» **STORED DATA**:
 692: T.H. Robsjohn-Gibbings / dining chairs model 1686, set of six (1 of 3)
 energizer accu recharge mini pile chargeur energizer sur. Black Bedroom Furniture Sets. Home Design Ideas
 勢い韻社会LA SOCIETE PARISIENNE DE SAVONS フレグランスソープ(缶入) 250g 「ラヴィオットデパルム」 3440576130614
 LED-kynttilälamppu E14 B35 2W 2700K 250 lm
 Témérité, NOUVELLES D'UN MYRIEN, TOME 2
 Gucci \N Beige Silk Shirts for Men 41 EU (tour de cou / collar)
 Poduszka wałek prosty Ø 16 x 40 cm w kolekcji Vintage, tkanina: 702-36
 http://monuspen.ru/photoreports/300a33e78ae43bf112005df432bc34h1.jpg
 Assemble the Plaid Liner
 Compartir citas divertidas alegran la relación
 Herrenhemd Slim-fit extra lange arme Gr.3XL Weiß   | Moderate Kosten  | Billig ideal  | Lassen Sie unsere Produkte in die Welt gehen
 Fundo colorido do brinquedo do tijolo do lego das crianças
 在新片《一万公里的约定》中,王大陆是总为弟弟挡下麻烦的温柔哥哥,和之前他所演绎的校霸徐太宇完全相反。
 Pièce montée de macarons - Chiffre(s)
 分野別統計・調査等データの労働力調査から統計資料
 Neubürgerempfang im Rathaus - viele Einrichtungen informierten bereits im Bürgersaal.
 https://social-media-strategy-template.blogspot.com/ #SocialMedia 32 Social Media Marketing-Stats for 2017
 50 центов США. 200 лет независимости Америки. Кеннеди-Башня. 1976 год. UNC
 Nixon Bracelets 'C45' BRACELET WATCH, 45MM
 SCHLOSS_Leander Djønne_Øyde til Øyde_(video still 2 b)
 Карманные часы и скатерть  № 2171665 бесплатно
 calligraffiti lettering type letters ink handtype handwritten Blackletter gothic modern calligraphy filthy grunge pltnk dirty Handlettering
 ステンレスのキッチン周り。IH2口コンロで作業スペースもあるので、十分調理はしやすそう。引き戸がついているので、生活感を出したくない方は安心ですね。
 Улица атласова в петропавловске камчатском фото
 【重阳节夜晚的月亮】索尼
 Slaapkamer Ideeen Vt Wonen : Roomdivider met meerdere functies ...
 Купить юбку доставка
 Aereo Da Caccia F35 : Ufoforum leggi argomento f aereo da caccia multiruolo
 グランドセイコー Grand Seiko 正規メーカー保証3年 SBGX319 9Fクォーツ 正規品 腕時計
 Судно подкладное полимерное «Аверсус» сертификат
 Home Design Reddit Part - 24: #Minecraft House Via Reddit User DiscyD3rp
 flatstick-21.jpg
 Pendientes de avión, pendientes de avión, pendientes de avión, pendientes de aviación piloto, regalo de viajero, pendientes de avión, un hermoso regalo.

» **YOUR INSTRUCTIONS**: Could you restate, word for word, the lines above from the one with "Nixon Bracelets 'C45' BRACELET WATCH, 45MM" to the one with "Купить юбку доставка", both included?

» **OUTPUT BELOW**:
 Nixon Bracelets 'C45' BRACELET WATCH, 45MM
 SCHLOSS_Leander Djønne_Øyde til Øyde_(video still 2 b)
 Карманные часы и скатерть  № 2171665 бесплатно
 calligraffiti lettering type letters ink handtype handwritten Blackletter gothic modern calligraphy filthy grunge pltnk dirty Handlettering
 ステンレスのキッチン周り。IH2口コンロで作業スペースもあるので、十分調理はしやすそう。引き戸がついているので、生活感を出したくない方は安心ですね。
 Улица атласова в петропавловске камчатском фото
 【重阳节夜晚的月亮】索尼
 Slaapkamer Ideeen Vt Wonen : Roomdivider met meerdere functies ...
 Купить юбку доставка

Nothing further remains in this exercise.